Soltanto alla fine del sec. XIX, per breve tempo, la ballata rinacque: nel suo entusiasmo per il puro Trecento, se ne invaghì il giovane Carducci, e altri poeti della sua scuola seguirono poi il suo esempio; ma né presso il Carducci stesso, né presso il Marradi (Ballate, 1894), né presso il "gentil Severino", essa fu qualcosa di più di un'elegante esercitazione letteraria. Ne ritrovò la ritmica leggiadria il D'Annunzio nelle note ballate dell'Isotteo.
Consideriamo ora il lato specificamente musicale dell'antica ballata italiana. - "Le ballate - dice Dante (De Vulg. El., II, 3) - hanno bisogno di sonatori ai quali sono fatte" e il Boccaccio alla fine, p. es., della seconda giornata: "Come alla reina piacque mandando Emilia la carola, la seguente canzone da Pampinea, rispondendo le altre, fu cantata...". Dunque sin dalle origini la ballata era accompagnata da strumenti e da voci.
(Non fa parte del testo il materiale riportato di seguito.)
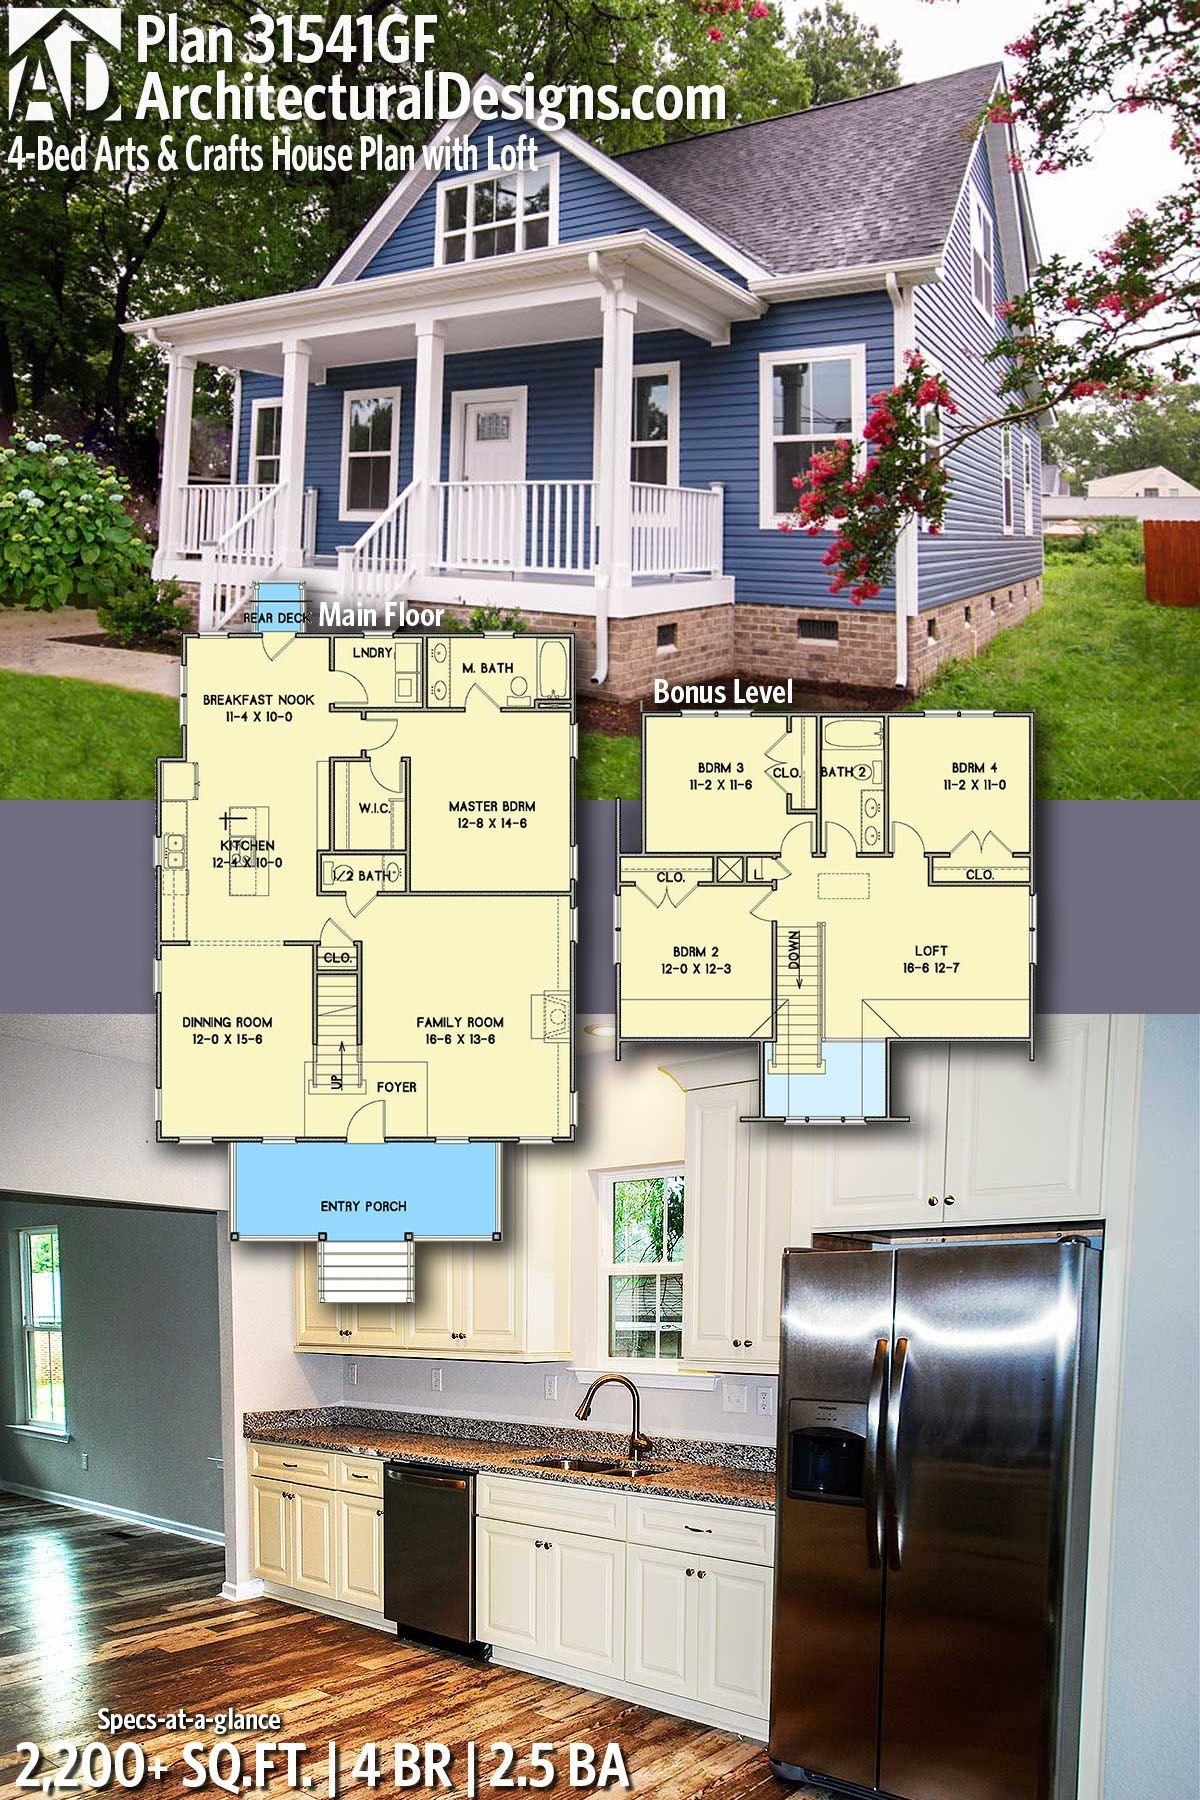 Plywood loft bed plans  Plan GF Bed Arts u Crafts House Plan with Loft  Blue print

La musica delle ballate e dei canti carnascialeschi, come quella delle frottole, era radicata nella consuetudine popolare, tanto che le laudi spirituali dei secoli XIV, XV e XVI, composte in gran parte sugli stessi metri, si servirono della stessa musica di canzoni a ballo in voga. In testa alla lauda vediamo spesso scritte le parole: "Cantasi come...", seguite dal primo verso della canzone.
Per questa consuetudine ci è dato di poter conoscere le arie di molte ballate antiche, apparse nelle raccolte di laudi del '500 e del '600, di cui la prima è quella del padre Serafino Razzi, pubblicata a Venezia nel 1573.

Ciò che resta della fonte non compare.